CS 631M Machine Learning

  • Instructor: Prof. Sung-Hyuk Cha
    • Email: scha@pace.edu
    • Tel: (212) 346-1253
    • Office: 163 William St. 2nd floor rm 228
    • Office Hours: 4:00pm~5:40pm on Monday, Tuesday, and Thursday


  • CRN: 23764

  • Meeting:
    • Meeting Times: T 06:00 - 09:15 PM, Spring 2021
    • Place: CIVIC E304

  • Textbook: Understanding Machine Learning: From Theory to Algorithms by Shai Shalev-Shwartz and Shai Ben-David, Cambridge University Press, 2014, ISBN 978-1107057135

  • Description:
    This course teaches students machine learning theory and algorithms. Students will learn about probably approximately correct (PAC), empirical risk minimization (ERM), structural risk minimization (SRM), and minimum description length (MDL) learning rules. Students will then study various machine learning algorithms, such as linear models, gradient descent, support vector machines (SVM), kernel methods, and trees, and how they connect to the theoretical framework. Finally the course culminates with additional topics such as clustering, dimensionality reduction, generative models, and feature selection.
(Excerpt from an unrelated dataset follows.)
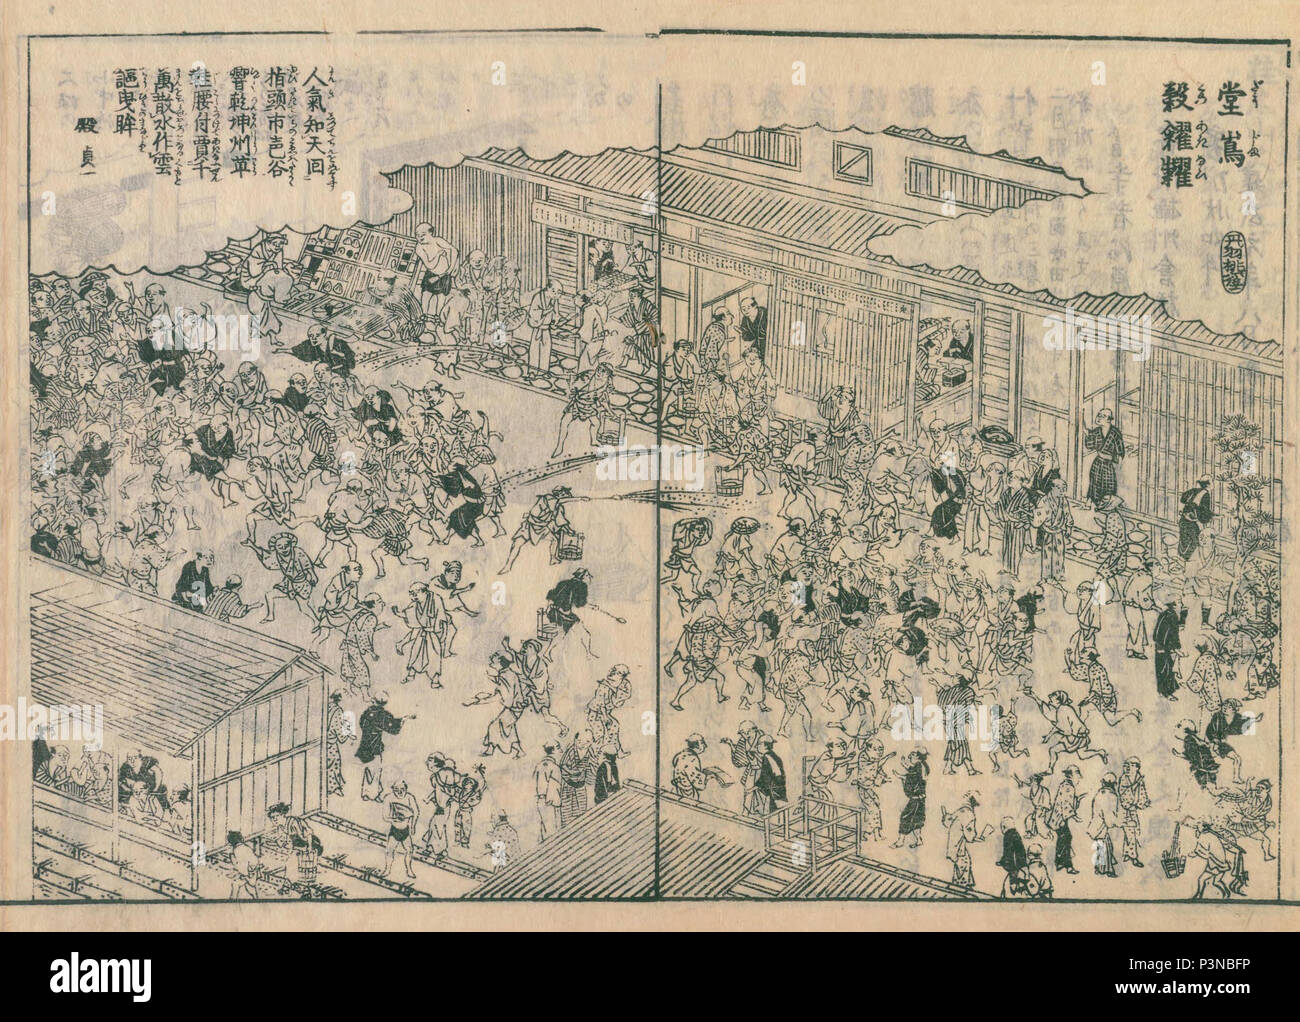 Dojima Rice Market, de Settsu meisho zue, publié en 1798 Banque D'Images

  • Learning Outcomes: After taking this course students will:

    • Understand the theoretical framework for various learning rules
    • Understand the various algorithms used in machine learning
    • Connect the theoretical issues to algorithms and know how to outline algorithms for learning problems

  • Prerequisites: CS 660 with a minimum grade of C

  • Lecture Notes: can be accessed using the http://classes.pace.edu

  • Tentative Schedule: to be fixed.

    Week Topic
    1 (1/26) Ch 18 Decision trees
    2 (2/2) Ch 19 Nearest Neighbor
    3 (2/9) Ch 9 Linear predictors
    4 (2/16) Ch 10 Boosting
    5 (2/23) Ch 22 Clustering
    6 (3/2) Ch 23 Dimensionality reduction
    7 (3/9) Midterm
    8 (3/16) Ch 3 A formal learning model &
    Ch 4 Learning via uniform convergence
    9 (3/23) Ch 5 The bias-complexity trade-off
    Ch 6 The VC-dimension
    Ch 7 Non-uniform learnability
    10 (3/30) Ch 11 Model selection and validation
    Ch 12 Convex learning problems
    Ch 13 Regularization and stability
    11 (4/6) Ch 14 Stochastic gradient descent
    12 (4/13) Ch 15 Support vector machines
    Ch 16 Kernel methods
    13 (4/20) Ch 24 Generative models
    Ch 25 Feature selection and generation
    14 (4/27) Final

  • Evaluation:
    • Assignments (50%):
    • Midterm Exam (20%):
    • Final Exam (30%):

  • Accommodations for Students with Disabilities The University's commitment to equal educational opportunities for students with disabilities includes providing reasonable accommodations for the needs of students with disabilities. To request a reasonable accommodation for a qualified disability a student with a disability must self-identify and register with the Office of Disability Services for his or her campus. No one, including faculty, is authorized to evaluate the need for or grant a request for an accommodation except the Office of Disability Services. Moreover, no one, including faculty, is authorized to contact the Office of Disability Services on behalf of a student. For further information, please see Resources for Students with Disabilities at www.pace.edu/counseling/resources-and-support-services-for-students-with-disabilities.

  • Academic Integrity: (From the Student Handbook) Students are required to be honest and ethical in satisfying their academic assignments and requirements. Academic integrity requires that, except as may be authorized by the instructor, a student must demonstrate independent intellectual and academic achievements. Therefore, when a student uses or relies upon an idea or material obtained from another source, proper credit or attribution must be given. A failure to give credit or attribution to ideas or material obtained from an outside source is plagiarism. Plagiarism is strictly forbidden. Every student is responsible for giving the proper credit or attribution for any quotation, idea, data, or other material obtained from another source that is presented (whether orally or in writing) in the student's papers, reports, submissions, examinations, presentations and the like. Individual schools and programs may have adopted additional standards of academic integrity. Therefore, students are responsible for familiarizing themselves with the academic integrity policies of the University as well as of the individual schools and programs in which they are enrolled. A student who fails to comply with the standards of academic integrity is subject to disciplinary actions such as, but not limited to, a reduction in the grade for the assignment or the course, a failing grade in the assignment or the course, suspension and/or dismissal from the University.